|Posted on August 14, 2019 at 8:20 PM|
I just made my first trip to Santa Fe and it was eye opening. As an artist my primary goal was to be at the Annual International Contemporary Art Show and visit the city.
I arrived the day before the show, roamed around the historical part of the city, fell in love with the warm architecture, human size buildings with a lot of covered pathways where people can walk, and shop in the shade.
In the historical district the walls are made out of sun-dried earth and straw, painted with warm earthy colors. The houses are built in the Spanish Pueblo and territorial style developed and used in the New Mexico Territory from the time of the American occupation in 1846. Many constructions are one story and originally displayed around a courtyard.
You won’t see many gutters but scuppers coming from the flat roofs, jutting out from of the walls from above your head.
The wooden beans which are the structure of the buildings are exposed and stick out of the outside walls or serve as columns for the pathways.
The soft lines of the remarkable ubiquitous architecture, soft brown concrete is in harmony with the urban design and provides a welcome relief from the busy large metropolitan cities.
At first I saw a lot of touristic artifacts but then discovered the high-end art galleries and beautiful clothes shops around the plaza. My first question was: who are the clients here?

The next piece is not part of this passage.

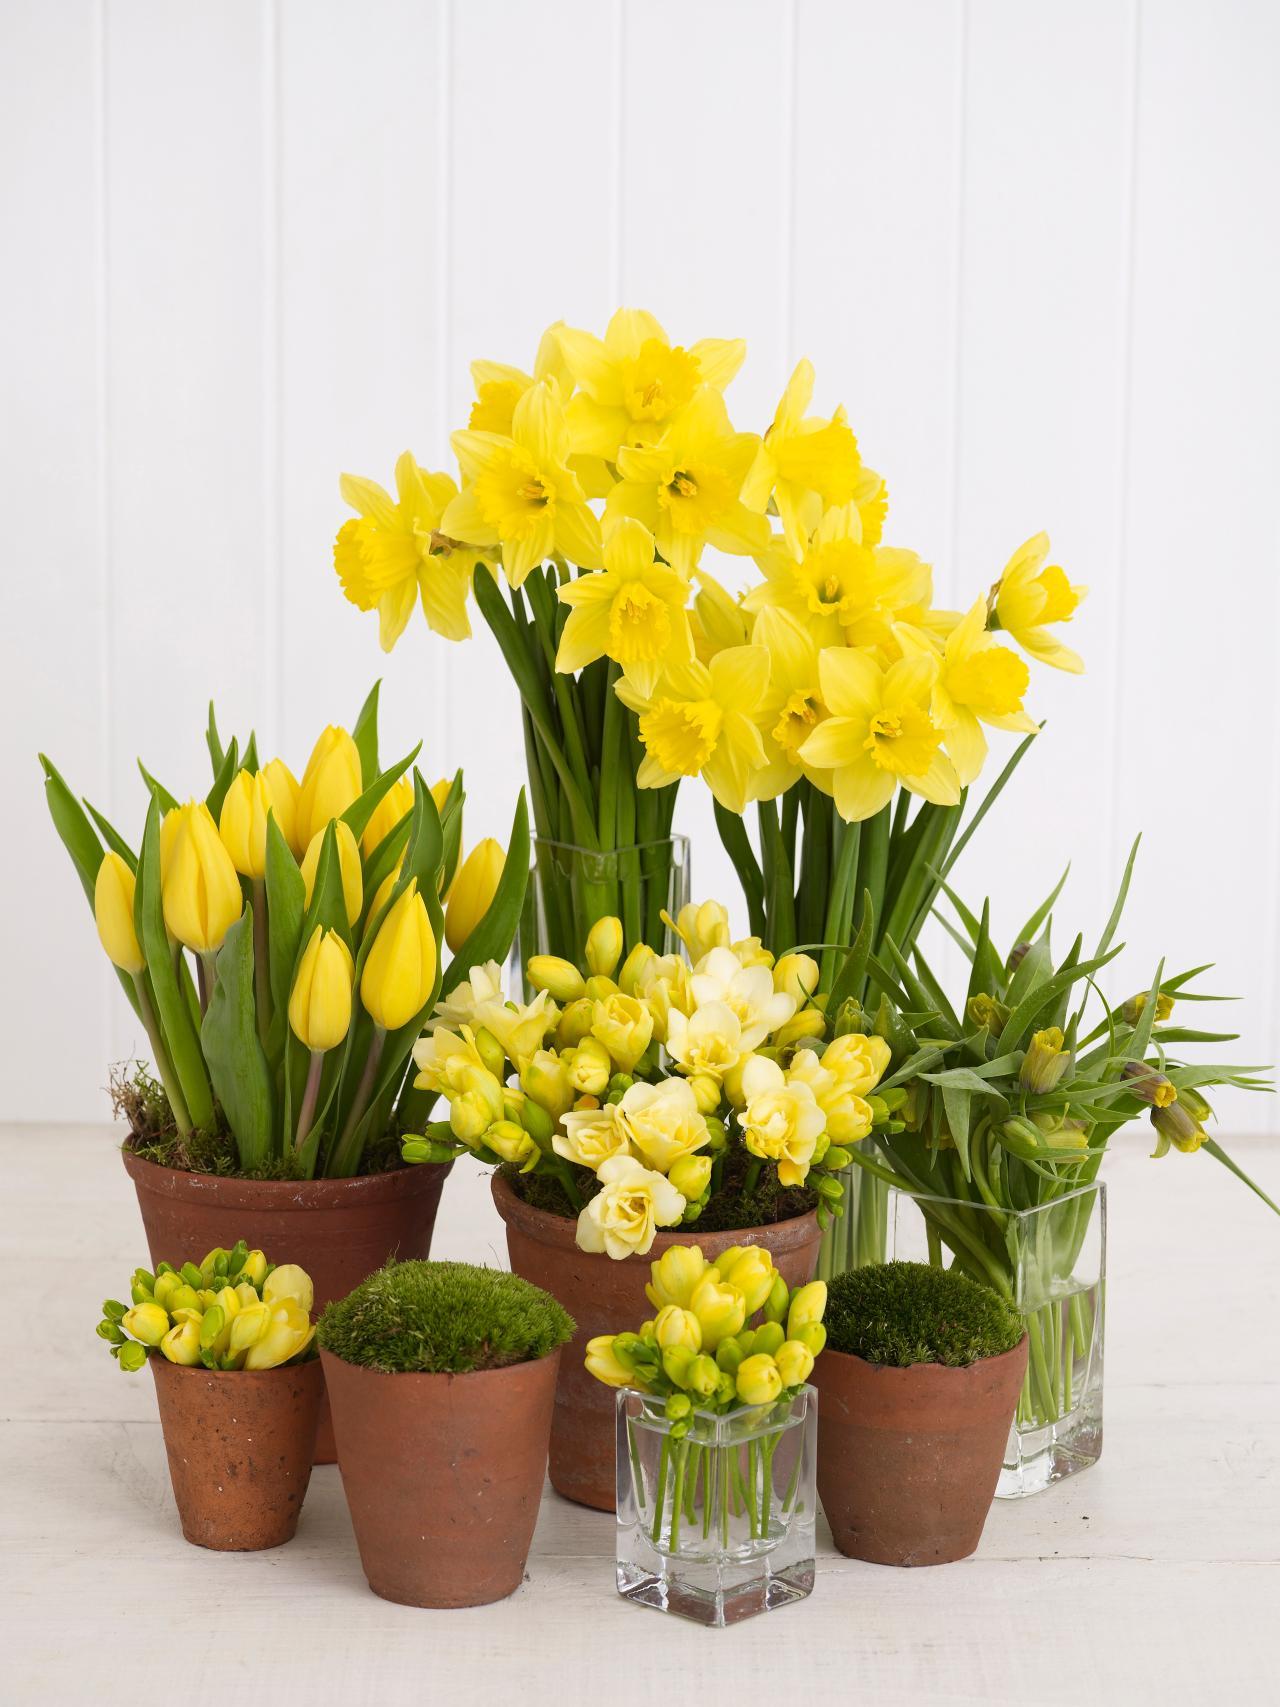 Spring Blooms | Revolving Decor

I knew Santa Fe was an artistic city, but it is also a secondary home for people from all over the States and particularly for Californians.
The number and quality of art galleries and sculpture gardens all around the city of Santa Fe itself is very impressive. The most amazing spot is undoubtedly Canyon Road and its dozens and dozens of galleries, right next to each other. Santa Fe Railyard district also has great galleries and museums. One of my favorites was the Fritz gallery, where the Carlos Estrada-Vega and Lea Anderson installations are astonishing.
I have been told the high season in Santa Fe begins Mid-October but the city in July seemed like a permanent art exhibition. People there see, eat, drink and breath art. It is the center of the city economy and its raison d'être. From the architecture to the shopping and diverse population, everything resonates art. Everywhere, be it indoors or outdoors, original private and public art abound.
Santa Fe, this small city nestled in the Sangre de Cristo Mountains (7200 feet) is the third largest contemporary art center in the United States, after New York and Los Angeles. Indeed, many of my artist friends are represented in Santa Fe.
I will definitely be back soon. Strongly recommended!